2024-03-14 06:15:56 2024-03-14 05:15:56 | ERROR | stderr |   warnings.warn(
2024-03-14 06:15:56 2024-03-14 05:15:56 | ERROR | stderr | Traceback (most recent call last):
2024-03-14 06:15:56 2024-03-14 05:15:56 | ERROR | stderr |   File "/usr/lib/python3.9/runpy.py", line 197, in _run_module_as_main
2024-03-14 06:15:56 2024-03-14 05:15:56 | ERROR | stderr |     return _run_code(code, main_globals, None,
2024-03-14 06:15:56 2024-03-14 05:15:56 | ERROR | stderr |   File "/usr/lib/python3.9/runpy.py", line 87, in _run_code
2024-03-14 06:15:56 2024-03-14 05:15:56 | ERROR | stderr |     exec(code, run_globals)
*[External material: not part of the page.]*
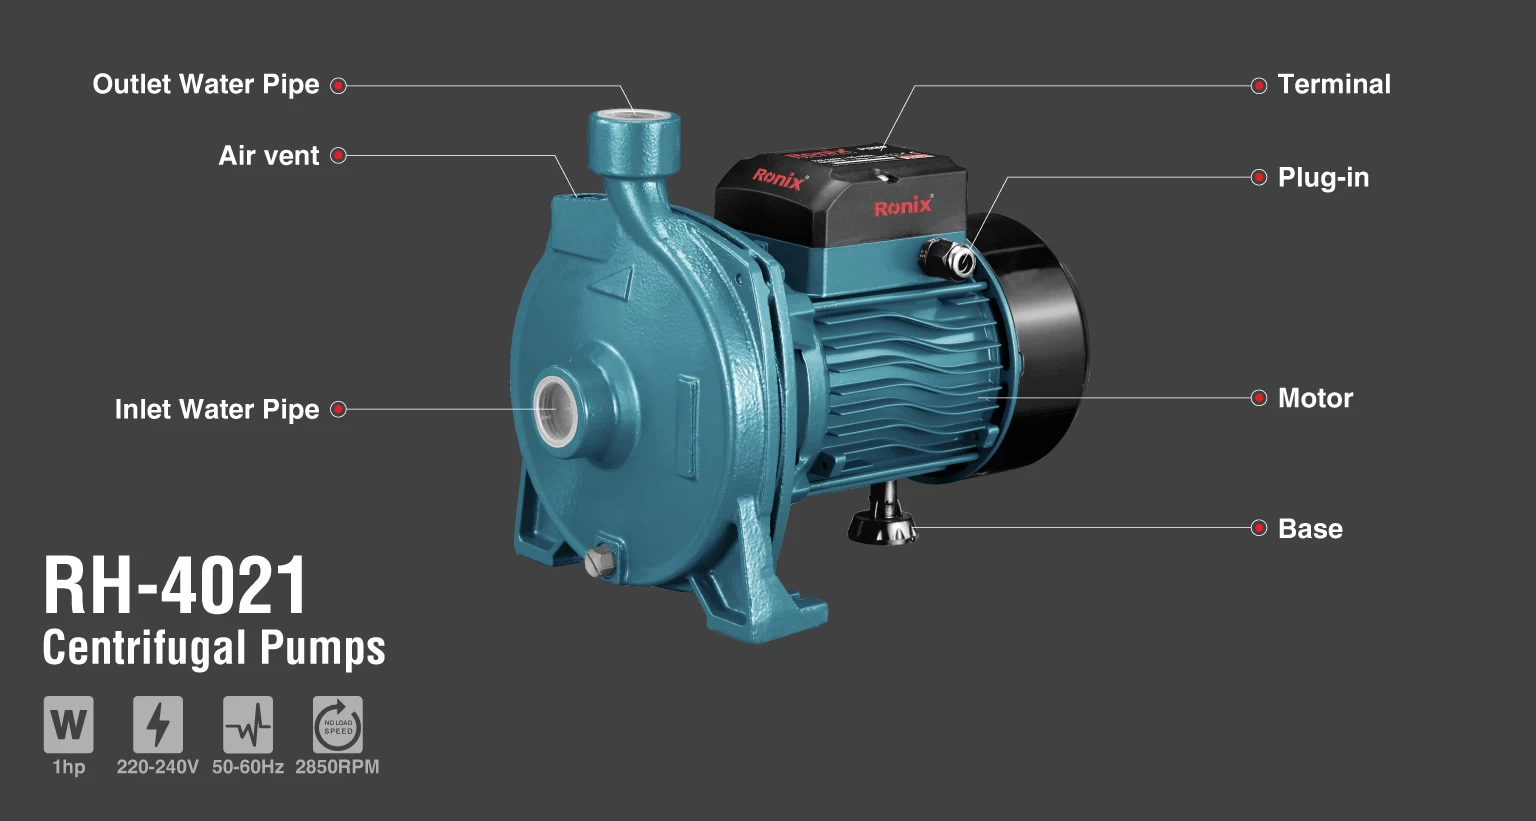 Centrifugal pumps 1 hp_details

2024-03-14 06:15:56 2024-03-14 05:15:56 | ERROR | stderr |   File "/usr/local/lib/python3.9/dist-packages/fastchat/serve/model_worker.py", line 375, in <module>
2024-03-14 06:15:56 2024-03-14 05:15:56 | ERROR | stderr |     args, worker = create_model_worker()
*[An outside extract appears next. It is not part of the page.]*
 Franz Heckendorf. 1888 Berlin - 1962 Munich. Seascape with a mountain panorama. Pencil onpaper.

2024-03-14 06:15:56 2024-03-14 05:15:56 | ERROR | stderr |   File "/usr/local/lib/python3.9/dist-packages/fastchat/serve/model_worker.py", line 346, in create_model_worker
2024-03-14 06:15:56 2024-03-14 05:15:56 | ERROR | stderr |     worker = ModelWorker(
2024-03-14 06:15:56 2024-03-14 05:15:56 | ERROR | stderr |   File "/usr/local/lib/python3.9/dist-packages/fastchat/serve/model_worker.py", line 77, in __init__
2024-03-14 06:15:56 2024-03-14 05:15:56 | ERROR | stderr |     self.model, self.tokenizer = load_model(
2024-03-14 06:15:56 2024-03-14 05:15:56 | ERROR | stderr |   File "/usr/local/lib/python3.9/dist-packages/fastchat/model/model_adapter.py", line 362, in load_model
2024-03-14 06:15:56 2024-03-14 05:15:56 | ERROR | stderr |     model.to(device)
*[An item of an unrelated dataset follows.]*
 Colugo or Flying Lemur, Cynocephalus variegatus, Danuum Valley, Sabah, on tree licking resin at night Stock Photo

2024-03-14 06:15:56 2024-03-14 05:15:56 | ERROR | stderr |   File "/usr/local/lib/python3.9/dist-packages/transformers/modeling_utils.py", line 2556, in to
2024-03-14 06:15:56 2024-03-14 05:15:56 | ERROR | stderr |     return super().to(*args, **kwargs)
2024-03-14 06:15:56 2024-03-14 05:15:56 | ERROR | stderr |   File "/usr/local/lib/python3.9/dist-packages/torch/nn/modules/module.py", line 1152, in to
2024-03-14 06:15:56 2024-03-14 05:15:56 | ERROR | stderr |     return self._apply(convert)
2024-03-14 06:15:56 2024-03-14 05:15:56 | ERROR | stderr |   File "/usr/local/lib/python3.9/dist-packages/torch/nn/modules/module.py", line 802, in _apply
2024-03-14 06:15:56 2024-03-14 05:15:56 | ERROR | stderr |     module._apply(fn)
2024-03-14 06:15:56 2024-03-14 05:15:56 | ERROR | stderr |   File "/usr/local/lib/python3.9/dist-packages/torch/nn/modules/module.py", line 802, in _apply
2024-03-14 06:15:56 2024-03-14 05:15:56 | ERROR | stderr |     module._apply(fn)
2024-03-14 06:15:56 2024-03-14 05:15:56 | ERROR | stderr |   File "/usr/local/lib/python3.9/dist-packages/torch/nn/modules/module.py", line 825, in _apply
2024-03-14 06:15:56 2024-03-14 05:15:56 | ERROR | stderr |     param_applied = fn(param)
2024-03-14 06:15:56 2024-03-14 05:15:56 | ERROR | stderr |   File "/usr/local/lib/python3.9/dist-packages/torch/nn/modules/module.py", line 1150, in convert
2024-03-14 06:15:56 2024-03-14 05:15:56 | ERROR | stderr |     return t.to(device, dtype if t.is_floating_point() or t.is_complex() else None, non_blocking)
2024-03-14 06:15:56 2024-03-14 05:15:56 | ERROR | stderr | RuntimeError: PyTorch is not linked with support for xpu devices

what could i do?

Steve-Tech commented 2 months ago

Did you mean to use intel-extension-for-pytorch? Like did you accidentally come across this, or do you have ipex installed and wish to use it?

Using --device cpu on it's own shouldn't require ipex, if you've added CPU_ISA=amx to the start then it will use the AI accelerator present on Intel CPUs which requires ipex. --device xpu requires a discrete GPU/AI accelerator from Intel, also requiring ipex.